If one had this dish on Lamu island, they would most likely be served a millet or what porridge during Ramadan, or with bread and rice at other times. If I make my way there, I will definitely try it as I take in the sights and sounds of that island. 


Recipe from Smithsonian Institution

Serves several


  • 8-10 pounds of firm, white fish (such as red snapper)
  • Juice of 3 limes
  • 6-7 garlic cloves, pureed
  • 1/4 cup of pepper
  • 3 tablespoons of salt
  • 2 16 ounce cans of coconut milk
  • 1 tablespoon tamarind
  • 2 1/2 tablespoons turmeric
  • Pepper to taste


1. Prepare the fish. Toss the lime juice, pureed garlic, pepper and salt into a large plastic bag. remove bones and scales from fish, but no need to remove head. Place fish (whole) into bag and marinate for two hours.

2. Broil the fish. Remove fish and place on baking sheet.
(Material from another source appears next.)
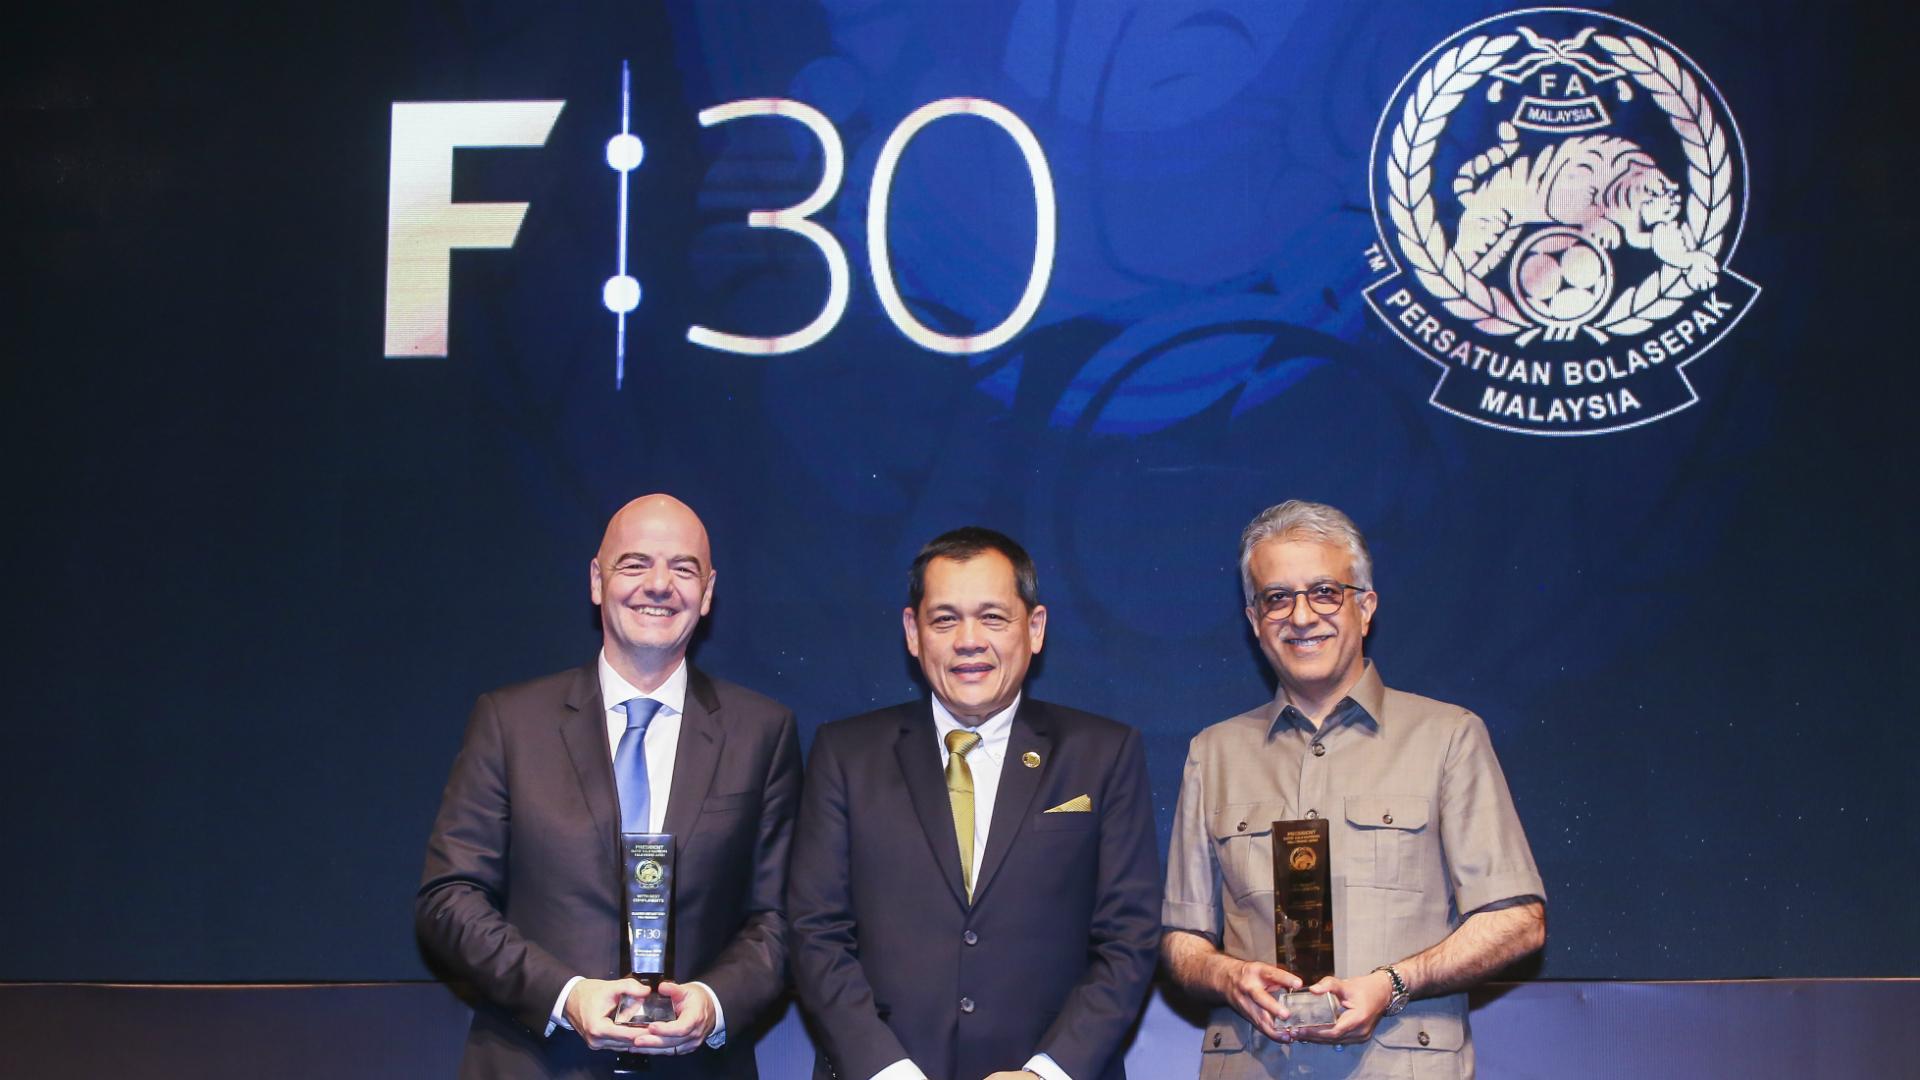 Dato Hamidin Mohd Amin, FAM president, Malaysia

Broil the fish at 350 degrees Fahrenheit for about 15 to 20 minutes, or until cooked through and lightly browned.

3. Prepare the sauce. Pour coconut milk, tamarind, pepper and turmeric into a medium saucepan and let simmer for about 15 minutes, stirring occasionally. Add salt to taste.

4. Finish the dish. Plate the fish. Remove sauce from heat and carefully use a spoon to coat both sides of the fish in coconut sauce. Pour any extra sauce on top. Serve warm with bread or rice.